Umami Burger (Downtown L.A.)
Our first full day in Los Angeles was also our busiest. We got our start at about 9:00 AM and worked straight through until 4 PM. We didn’t even noticed we missed lunch.
We headed back to the hotel to work on some more things just after 4:00. Along the way, my co-worker asked about dinner. I figured we could take an hour break and still get done what we needed to get done and I noticed a restaurant just down the street from our hotel that I wasn’t going to miss on this trip.
Umami Burger is a Los Angeles based group of restaurants that specialize in serving amazing burgers. They call themselves a “group” and not a “chain” because the food is not designed to be the same from location to location. Each restaurant is supposed to be unique based on the location and the culinary team in place. There are locations with stores in California, Chicago, Las Vegas, and New York. The original location was on La Brea Avenue but has since closed due to the size and lack of liquor license. The flagship store is now on the corner of Broadway and 9th in downtown L.A.
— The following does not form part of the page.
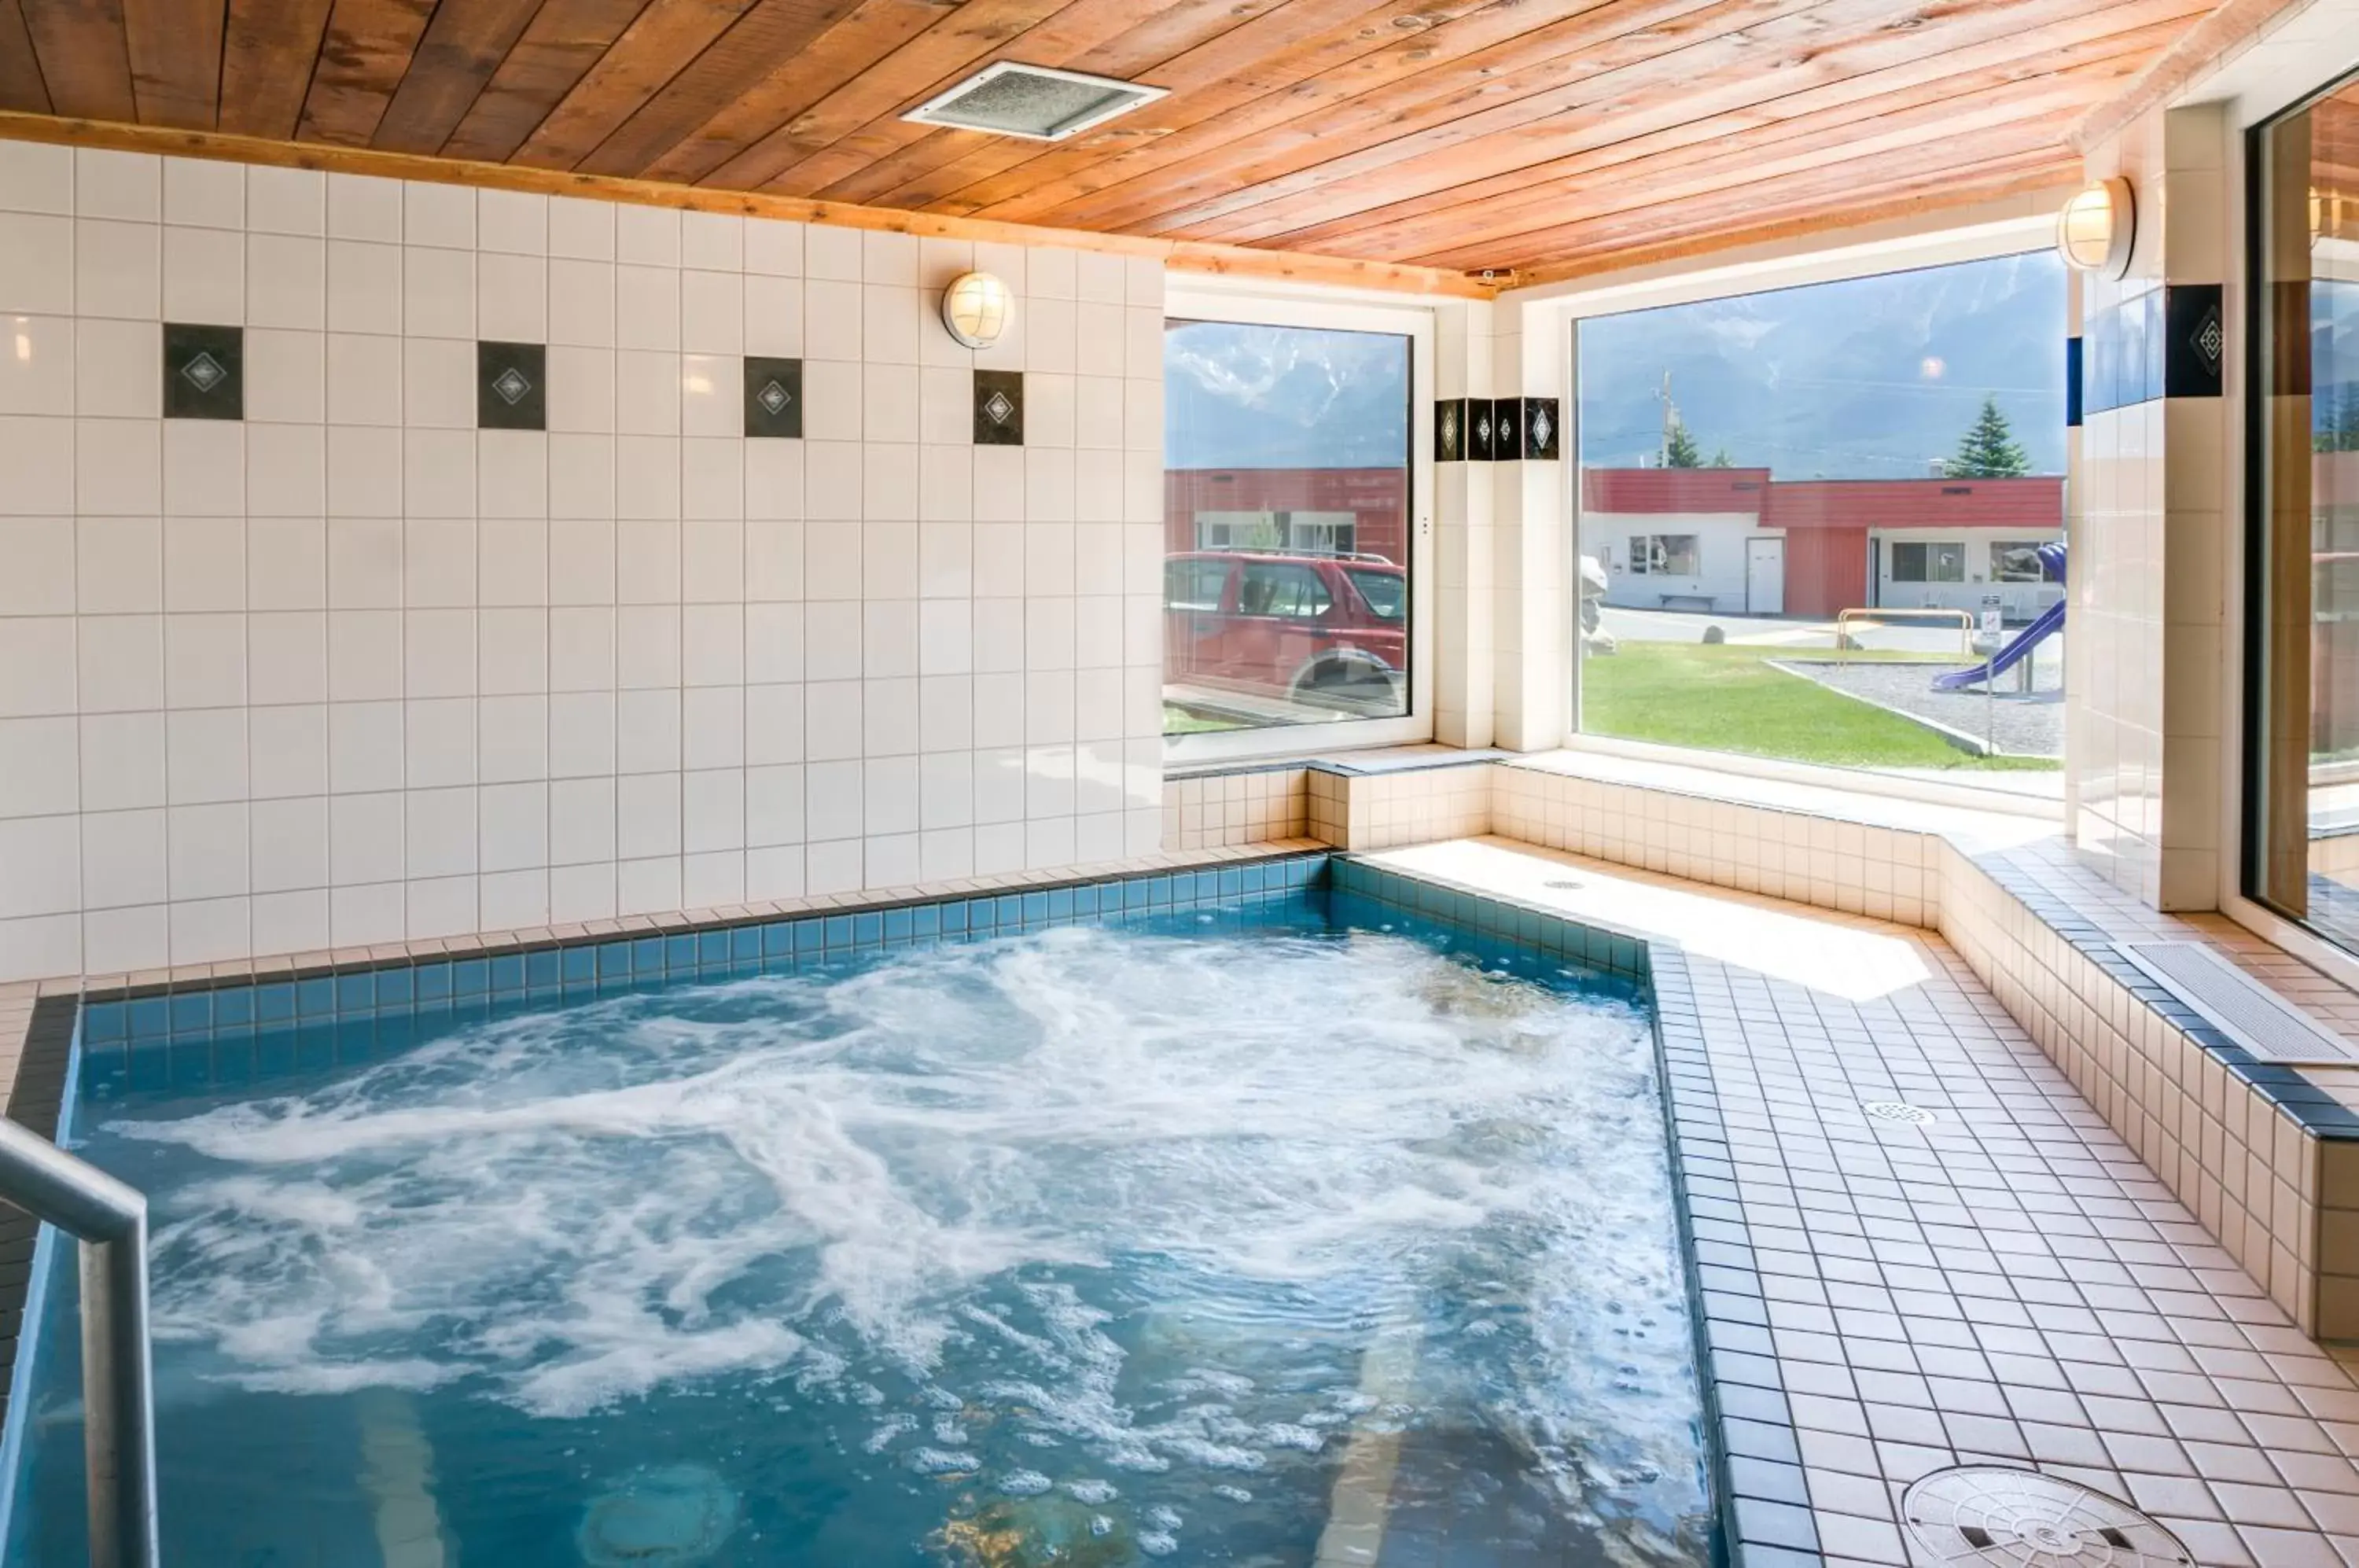 Hot Tub, Swimming Pool in Rocky Mountain Ski Lodge
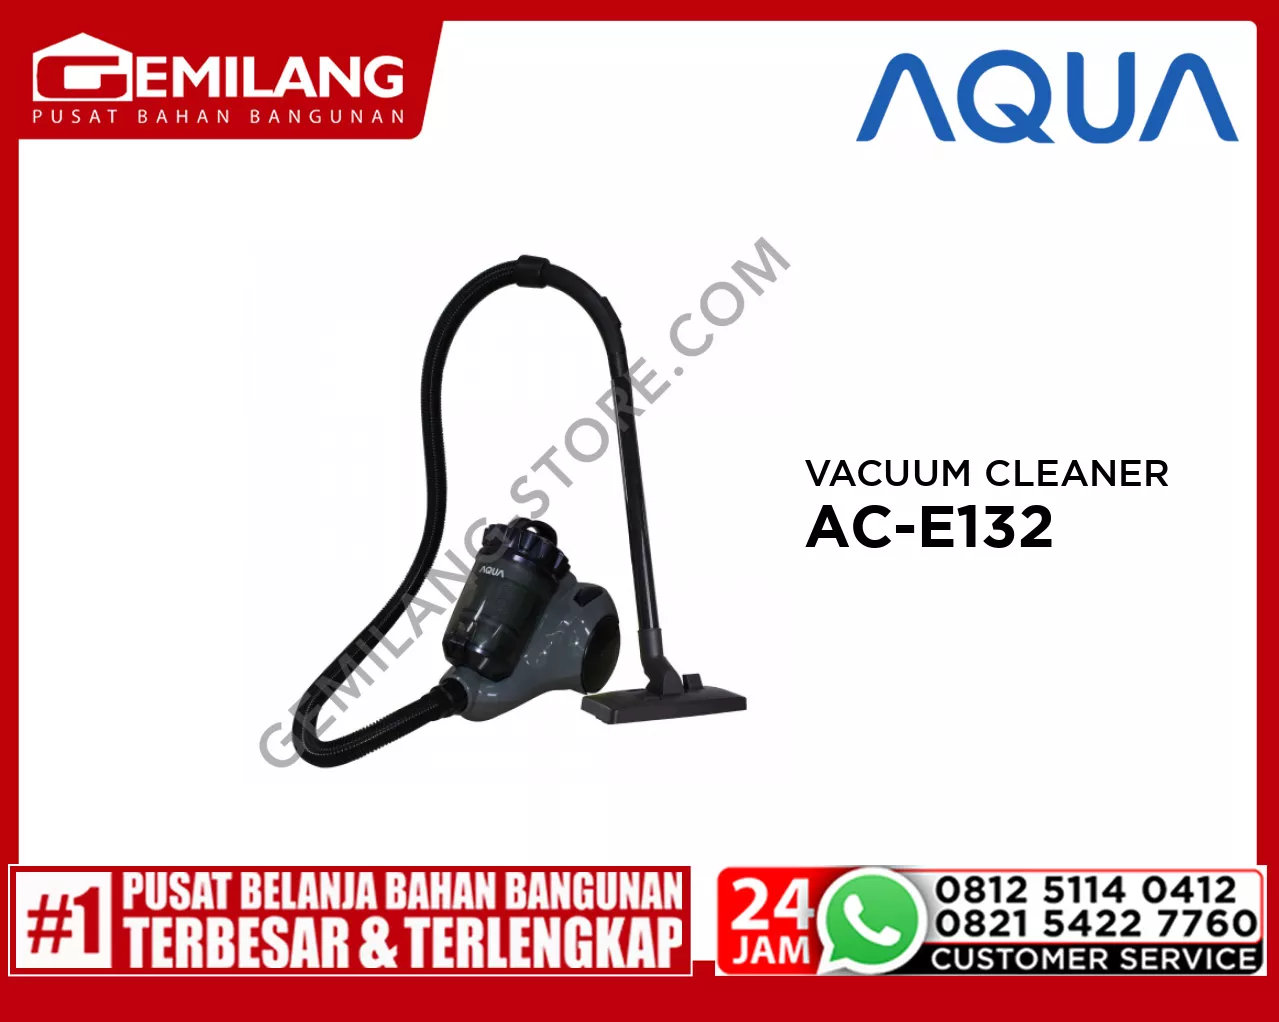 AQUA VACUUM CLEANER AC-E132

The Broadway location is in the heart of the Broadway Theater District. The area was well known in the early days of the film industry for it’s movie palaces, Nickelodeons and Vaudeville Theaters. The restaurant itself is next to the Orpheum Theater in the Ninth and Broadway Building which was built in 1930.
We were still kind of operating on East Coast time so at 4:15 PT when we walked in, we were well past our dinner time.
The restaurant was pretty empty but again, it was early local time. The restaurant is set up with a nice big bar along one wall and several four tops filled in to the space. The restaurant makes use of reclaimed wood on the bar and tables while sticking to a concrete floor and bare concrete walls that are lit with exposed “Edison bulbs.”
We were taken to a table near the back of the space. Our server set down the drink menus as well as the food menu then explained what “Umami” meant and how they incorporate it into their food. I had heard of the restaurant before and knew of it’s reputation before we sat down. My co-worker never had.
First thing I did was start with a beer. I wanted to stay as local as I could so I ordered a Wolf Pup Session IPA from Golden Road Brewing from right there in L.A. It was a session beer so it didn’t pack a big hop wallop but it was slightly bitter and very drinkable. A solid session IPA.
So, what makes Umami Burger so special? Well, it’s the care they take in preparing the best possible burger. They use Waygu beef that’s ground in house. The beef is seasoned with “Umami Sauce” and “Umami Dust.” Both recipes are proprietary but the sauce contains soy sauce and the dust contains dried porcini mushrooms and fish heads, so you know there’s a very strong taste to the meat.
I ordered the Sunnyside Burger. The sandwich comes topped with a Parmesan frico, a fried egg, a truffle thyme compound butter, truffled arugula, and truffled aoili. All of that sounds very hoighty-toighty but when you think about it, it’s really just cheese, egg, lettuce, and mayo…albiet those are very fancy and insanely delicious versions of very typical burger ingredients.
I ordered my burger medium-rare as that was what was suggested by the waiter. It came a little less pink than I imagined but it was so juicy, so tender, and so full of very complex and very intense flavors. I actually left the aioli on the burger, something I normally don’t do, and it added just a little bit of a sweetness to all of the truffle oil which really hammers home the earthiness flavor of the burger. The fried egg threw in another completely different flavor with a little bit of grease and a little bit of a runny yolk.
The sandwiches are all served a la carte so I added on an order of Thin Fries and opted to “Truffle ’em” because, seriously, can you ever get enough truffle oil?
The fries are very thin cut potato sticks that are covered with salt. The “truffle ’em” option adds a house made truffle cheese sauce and scallions. I actually needed a fork to eat these fries because there was so much of the cheese sauce on top of them. I couldn’t get enough of these fries. Usually the thin cut would annoy me but the truffle cheese sauce was so amazing I was shoving as many into my mouth as I could at once.
When the waiter brought out our meals, he also brought out a plate of sauces. These could have been used on either the fries or the burgers but everything was so good as it was presented, I felt bad using them on either. I did try the Diablo Sauce which is a house made spicy sauce and it was quite delicious with the kind of heat that just sneaks up on you. The ketchup was undersold a little as, “just some ketchup with truffle oil to make it our own.” I don’t really like ketchup so I just took a small sample to see how it was. It was alright but I wouldn’t eat a lot of it.
My bill for this meal was a little over $22 before tip. I honestly can’t complain about that price. For a meal of this caliber in downtown L.A., I would have expected it to be a lot more and it would have been worth every penny.
Umami Burger has kind of built up a reputation as being in the upper echelon of burger restaurants. In a lot of ways, they stand on their own way ahead of the crowd. The menu can be a little intimidating when you look at all the fancy preparations but if you break it down to the simplest form, what you’ll find is an insanely delicious burger prepared the way burgers should be prepared.